The primitive-looking coelacanth has long been regarded as a ‘living fossil,’ with extant specimens looking very similar to fossils dating back to the Cretaceous period. But while the coelacanth’s body may have changed little, its genome tells another story.
Latimeria chalumnae off Pumula on the KwaZulu-Natal South Coast, South Africa, on November 22, 2019. Image credit: Bruce Henderson, doi: 10.17159/sajs.2020/7806.
Coelacanths are lobe-finned fish that were thought to be extinct for 65 million years, until a first living specimen was discovered fortuitously in South Africa in 1938 by a South African museum curator on a local fishing trawler.
There are two extant species of coelacanths: Latimeria chalumnae form the Comoros Islands off the east coast of Africa, and Latimeria menadoensis from the waters off Sulawesi, Indonesia.
Coelacanths present several unique and intriguing features such as unpaired lobbed-fins looking much like paired fins and highly modified lungs/swim bladder.
Together with lungfish, they are the closest relatives to tetrapods and share with them several morpho-anatomical features that are not found in more distantly related vertebrates such as ray-finned fishes.
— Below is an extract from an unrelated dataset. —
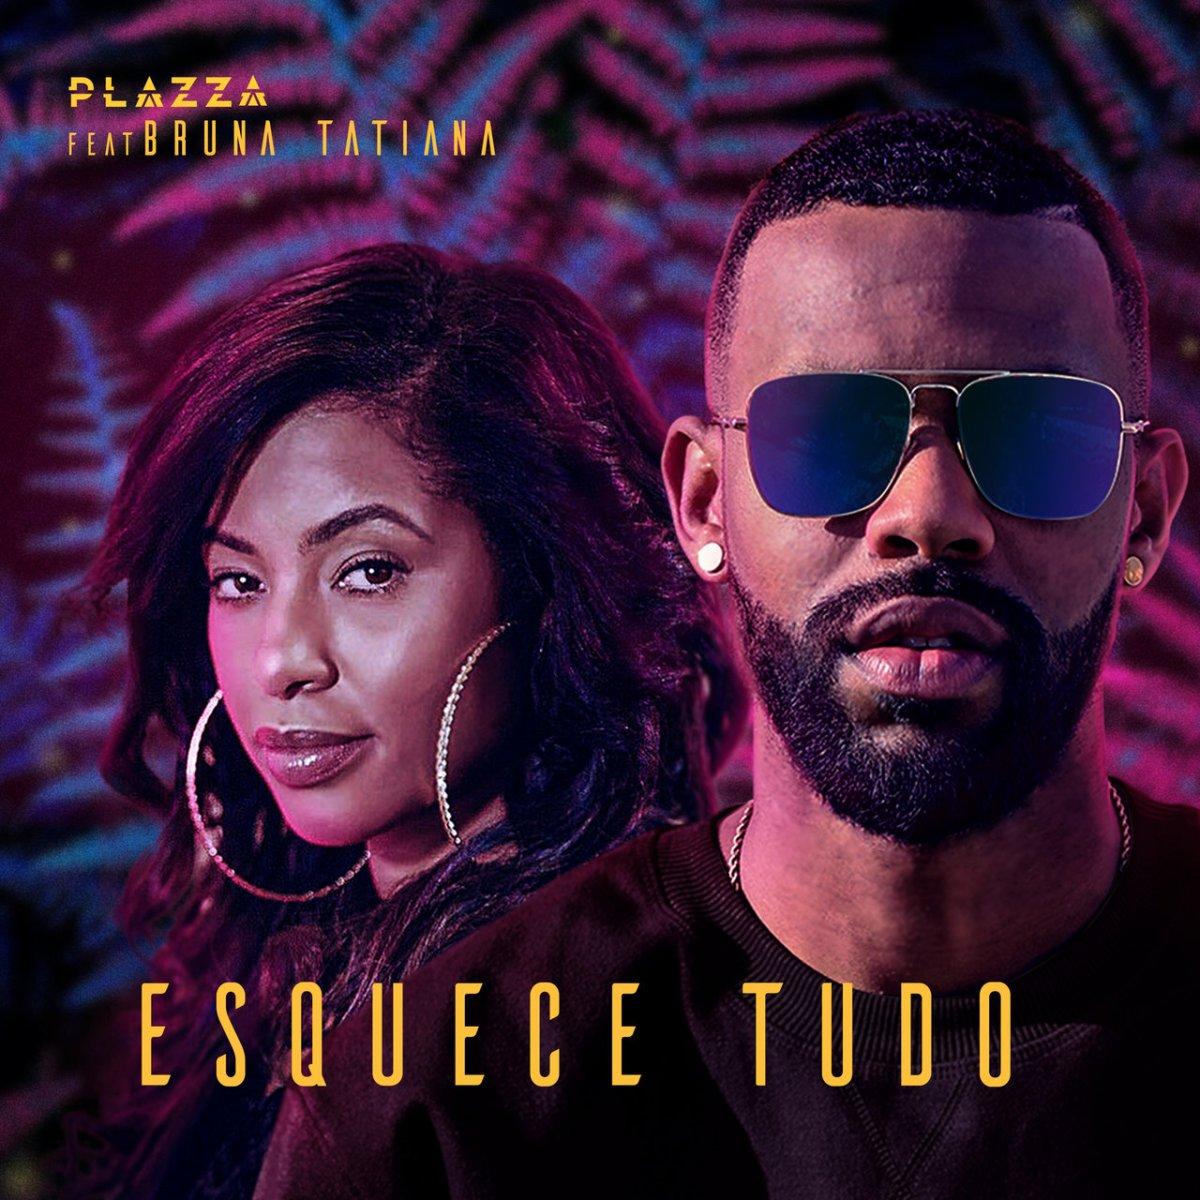 Plazza - Esquece Tudo (ft. Bruna Tatiana) (Cover)

When the first extant coelacanth was discovered, it reminded so much fossil forms from the Cretaceous period that it was designated as a ‘living fossil,’ i.e. a species with a morphology that did not evolve much over a long period of time.
To account for this morphological stasis, it has often been suggested that coelacanths possess a slowly or even not evolving genome.
“Coelacanths may have evolved a bit more slowly but it is certainly not a fossil,” said Isaac Yellan, a graduate student in the Department of Molecular Genetics at the University of Toronto.
In their new study, Yellan and colleagues found that Latimeria chalumnae gained 62 new genes through encounters with other species 10 million years ago.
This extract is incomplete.